Question: Alan Norwood is currently a senior associate with the law

Alan Norwood is currently a senior associate with the law firm of Butler, Starns, and Madden (BSM). His compensation currently includes a salary of $155,000, and benefits valued at $5,000. BSM is considered among the strongest of local firms, with assets of $10 million (cash $2,000,000, and accounts receivables $8,000,000), liabilities of $7.5 million, and 11 partners.
Alan anticipates admission to the partnership on July 1 of this year. The senior managing partner, Jane Butler, has had preliminary discussions with Alan in which the senior partner proposed the following:
1. A 5% interest in BSM capital and profits in recognition of Alan’s commitment to the firm and in exchange for a capital investment by Alan of $150,000. This 5% interest would be acquired from the other partners.
2. Alan’s compensation will consist of a monthly withdrawal of $18,000 and benefits valued at $5,000 annually. Monthly withdrawals approximate firm profits, but any unpaid profits will be distributed as a bonus to Alan after the end of each partnership year.
On March 1, only one month prior to Alan’s final negotiation meeting for entry into the partnership, Mary, one of the junior associates, discreetly informed Alan that the firm was drawing up documents for Hugh Starns’ retirement. Hugh has a 5% interest in the firm’s capital and profits with a book value of $125,000. The partners have agreed upon a $75,000 cash settlement of the interest held by Mr. Starns. (Of the other 10 partners, numbers 1 through 9 hold 10% interests, and number 10 holds a 5% interest).

A. Assume Mr. Starns retires with his $75,000 settlement, and Alan is admitted to the partnership as proposed.
(1) Prepare journal entries to record the retirement and admission.
(2) Discuss the factors Alan needs to consider in evaluating whether he has improved his annual compensation from the firm. Although this is not a tax course, include a discussion of the various tax issues.
(3) Should Alan be concerned regarding the impending retirement and settlement of Mr. Starns’ capital account assuming Alan is confident that he will be able to match the revenue-generating ability of Mr. Starns?
B. Assume instead that Alan is so disturbed by the impending departure of Mr. Starns that he decides to join Mary, the junior associate, in leaving the firm to form their own law partnership. Both Alan and Mary feel confident that during their tenures at BSM they have developed such good working relationships with their clients that the majority of their clients will follow them to the new firm.
(1) Should Alan and Mary have any hesitation in quietly recruiting BSM clients to “follow them” to the new law firm?
(2) Can the partners of BSM prevent such recruiting of clients based on the claim that these clients are BSM “property”?
C. Assume instead that the firm encounters difficulties from which it is unable to recover, and in April, the decision is made to liquidate the firm.

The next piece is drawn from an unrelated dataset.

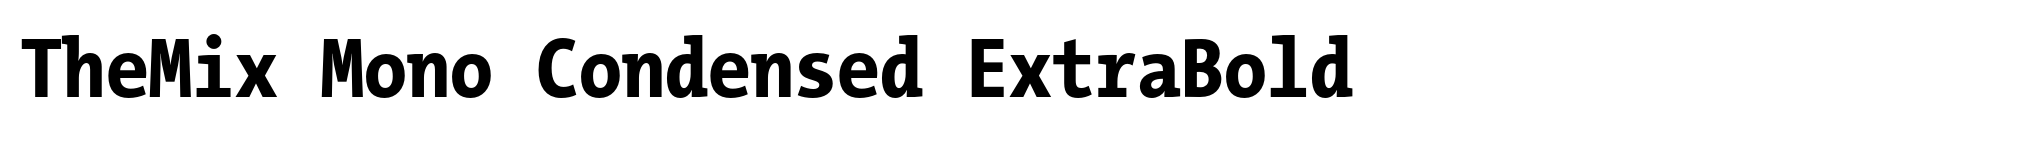 TheMix Mono Condensed ExtraBold image
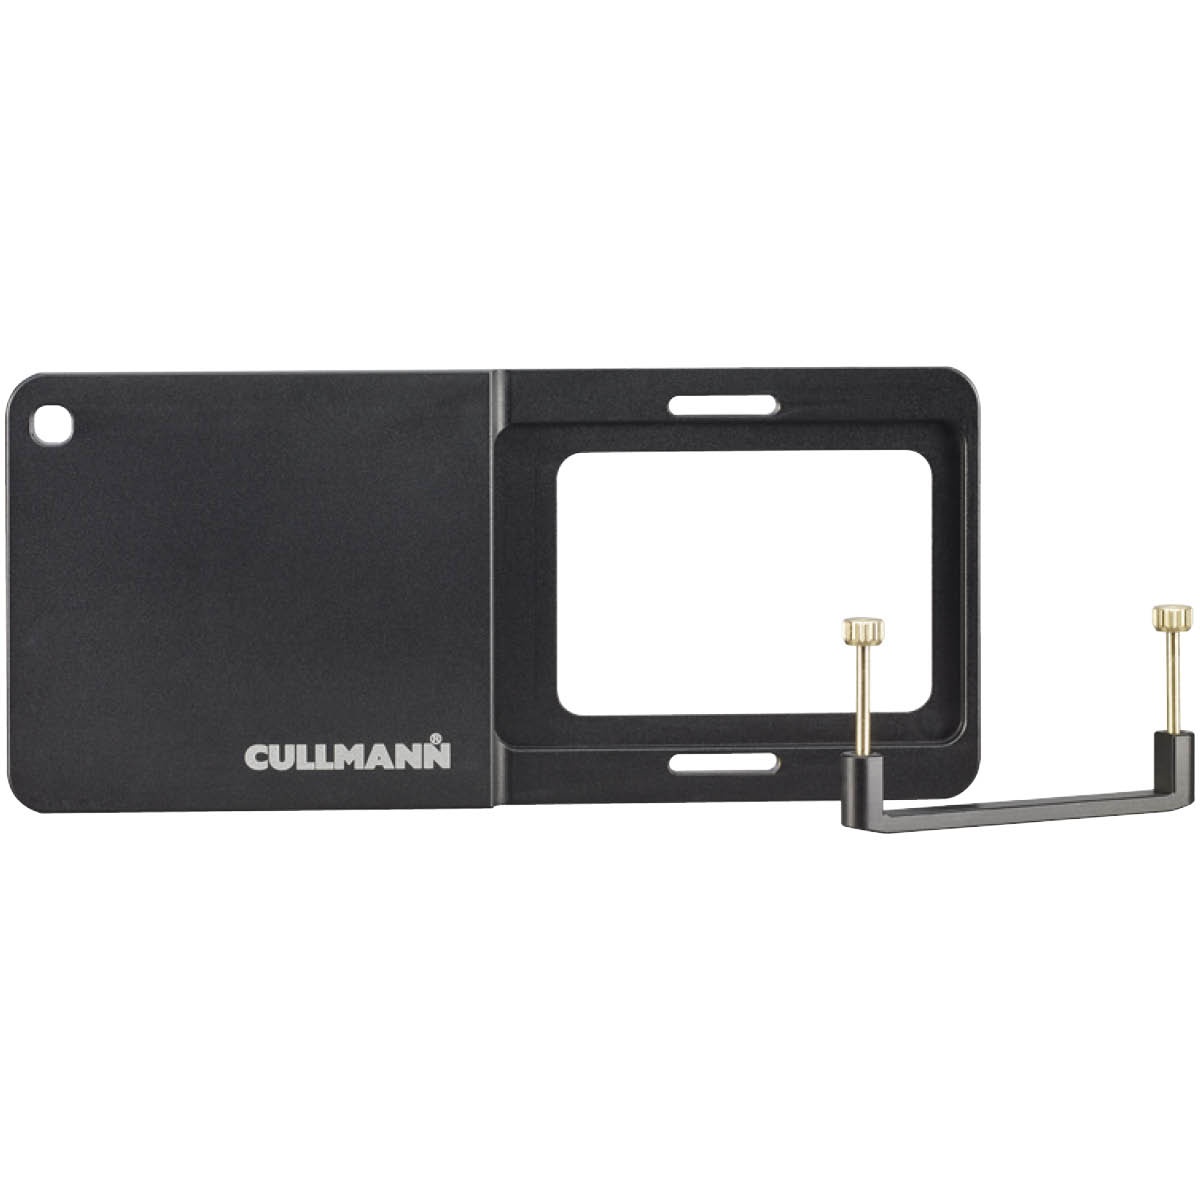 Cullmann Cross CX 127 Adapter

It is discovered that Mr. Starns has (in violation of the partnership agreement) taken draws which reduced firm cash and his capital account by $130,000. However, BSM owes Mr. Starns $10,000 for a separate loan made to the firm some 10 years ago. As of May 1, the firm had unallocated profits of $25,000, and cash had also increased by $25,000.
(1) Assuming that the provisions of UPA Section 40(b) are adhered to strictly, prepare entries to record the distributions. Assume that Mr. Starns is insolvent.
(2) If the other 10 partners are aware that Starns’ capital account will take on a debit balance, can they rightfully hold repayment of the balance due to Starns for the $10,000 loan contingent on his reimbursement of his capital account’s debit balance? Does this violate UPA Section 40(b)? On what basis can the partners justify their action (if challenged)?